§ Task directions:
In the material below, find the line containing "Cabled Knitted Headband" and the line containing "Ultra Race Beijing Labagou Azalea Route Map". Output those two lines and all lines between them exactly, without pictures.

§ Working data:

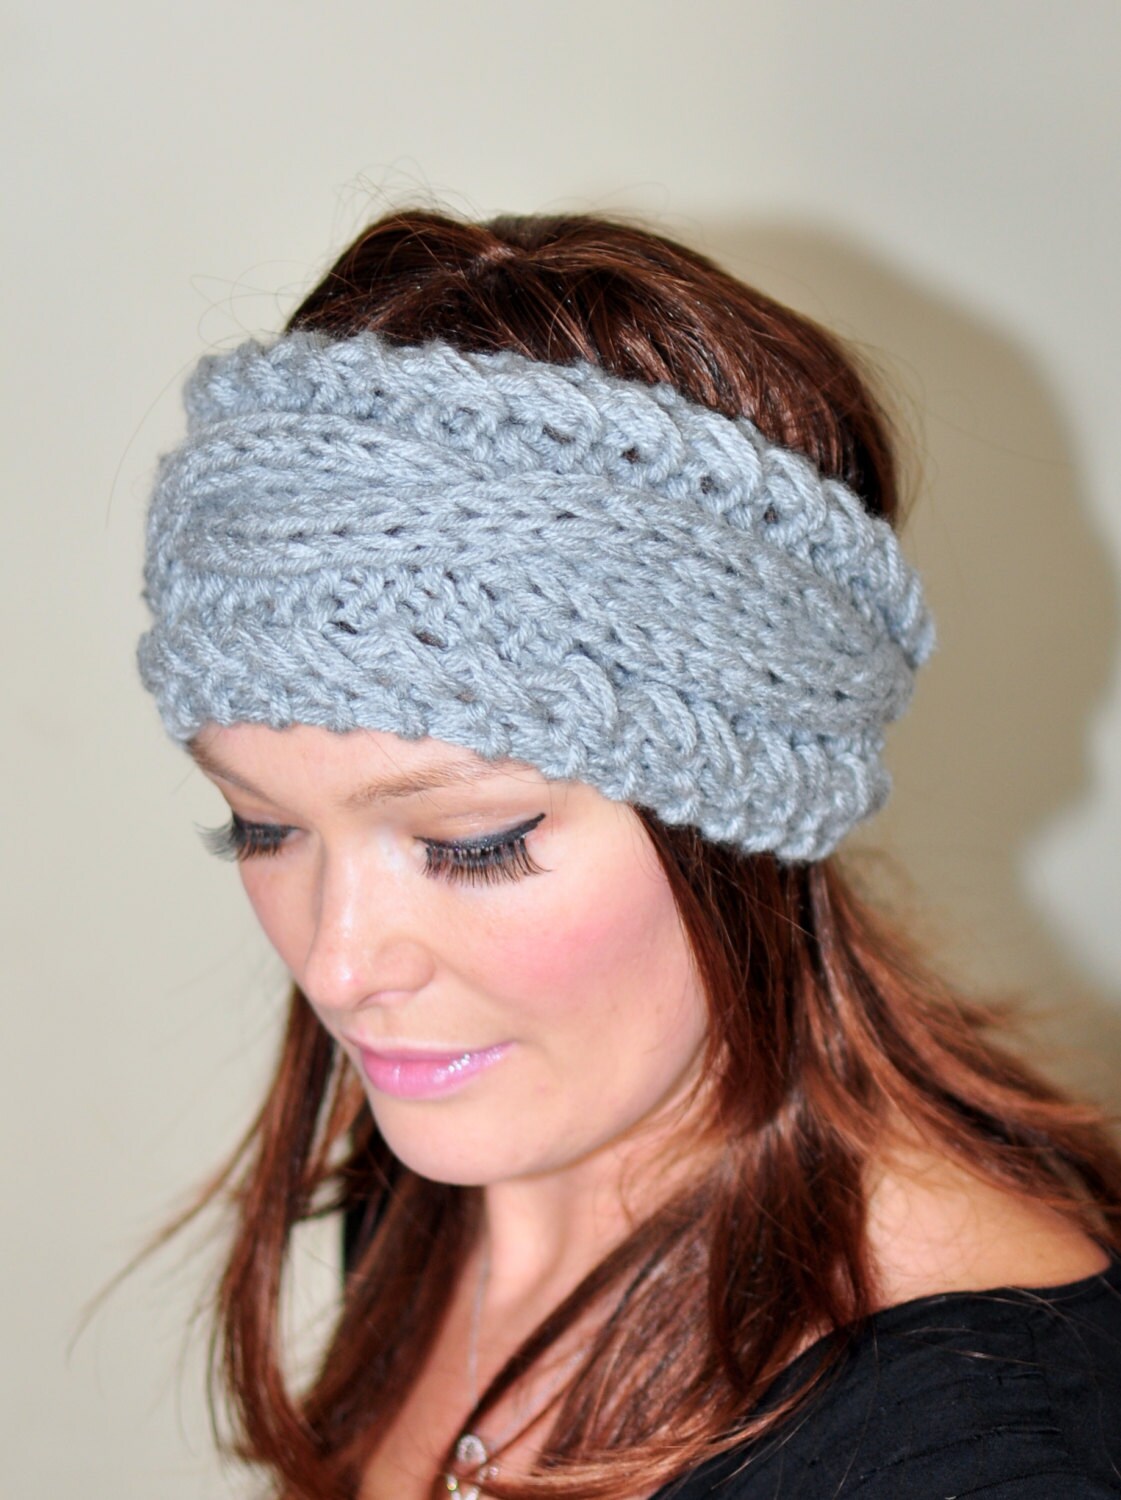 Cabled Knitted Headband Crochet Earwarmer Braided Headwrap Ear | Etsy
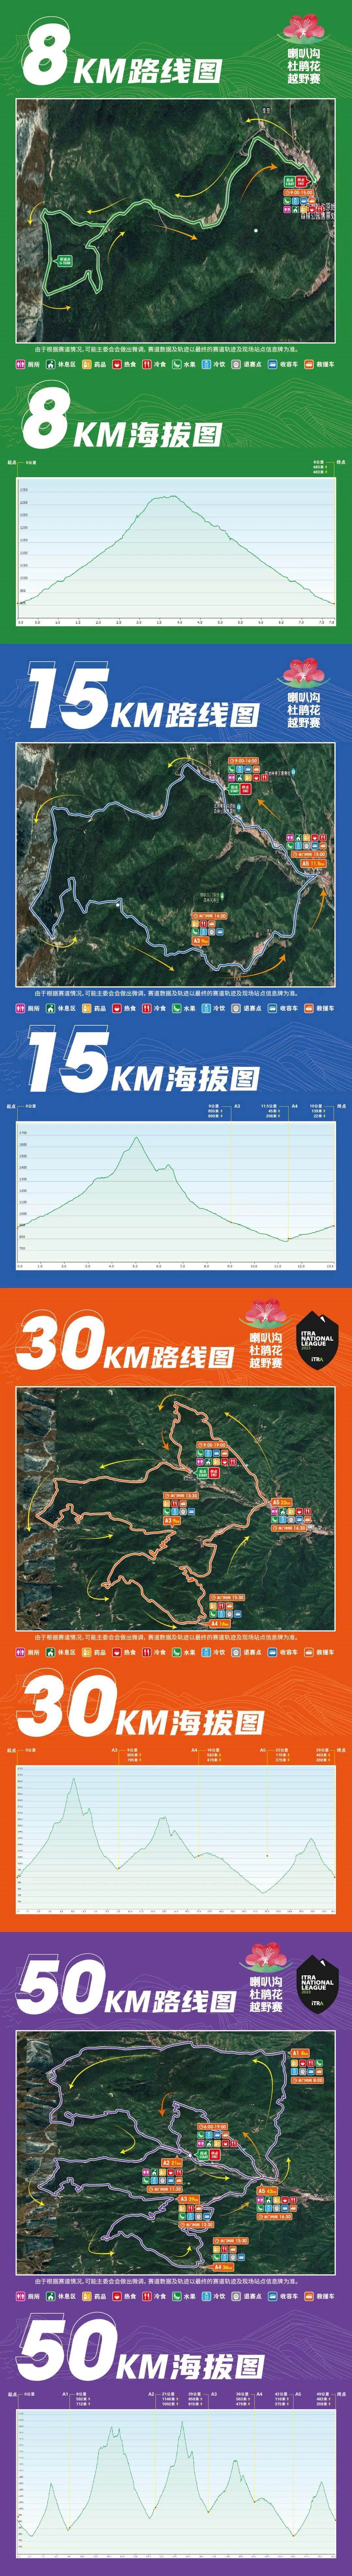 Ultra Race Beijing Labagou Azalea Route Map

* * *

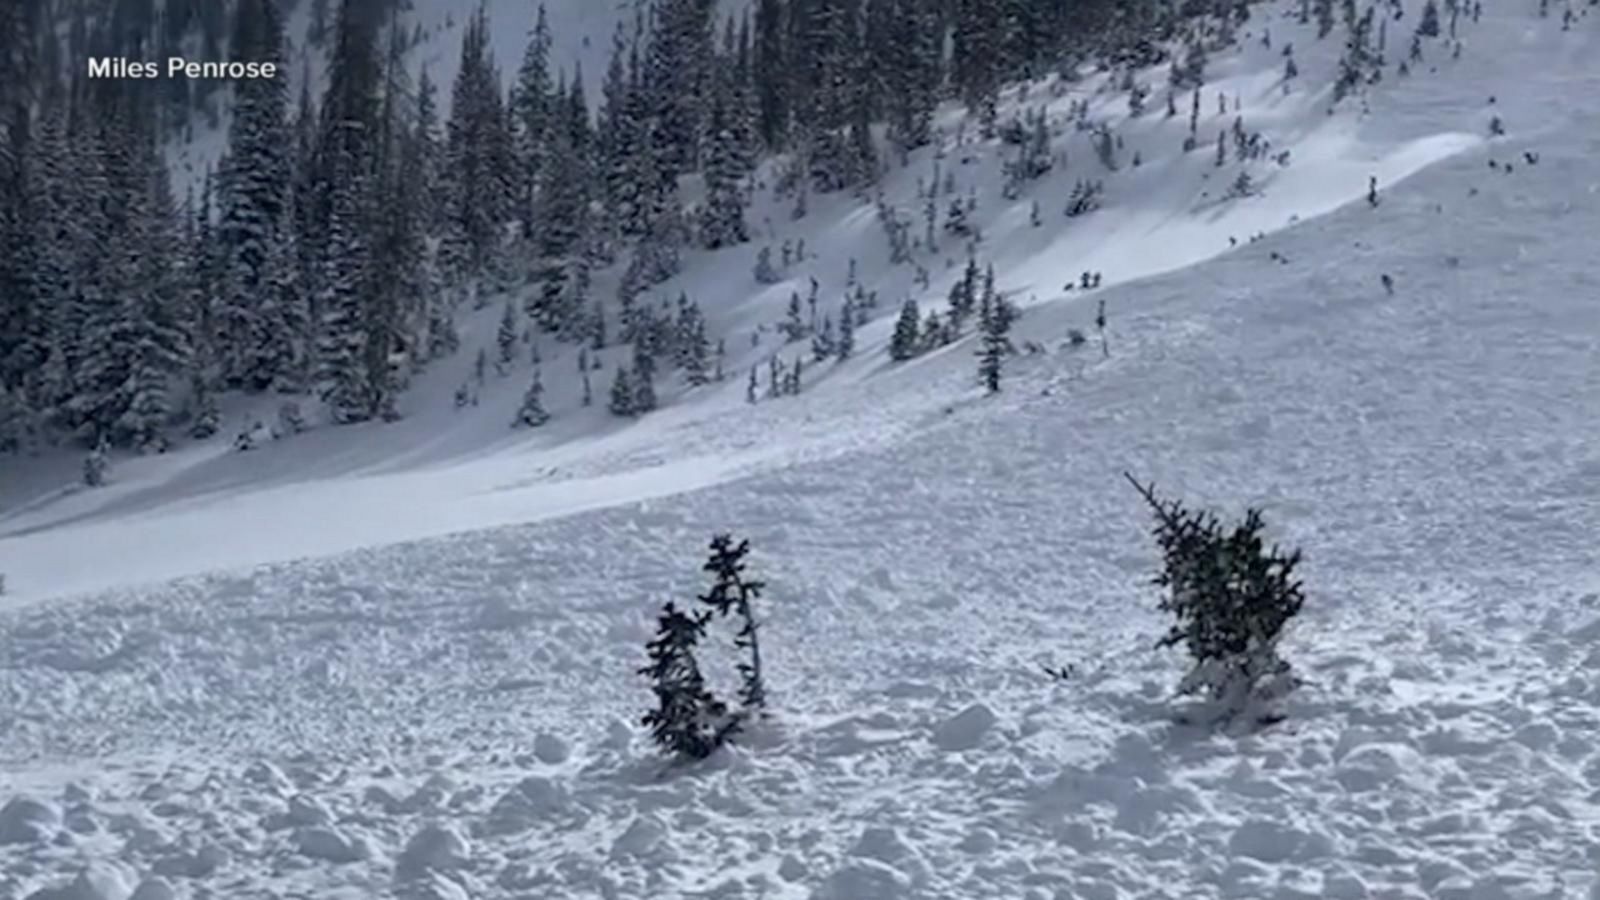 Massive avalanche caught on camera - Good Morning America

§ Answer below:
 Cabled Knitted Headband Crochet Earwarmer Braided Headwrap Ear | Etsy
 Ultra Race Beijing Labagou Azalea Route Map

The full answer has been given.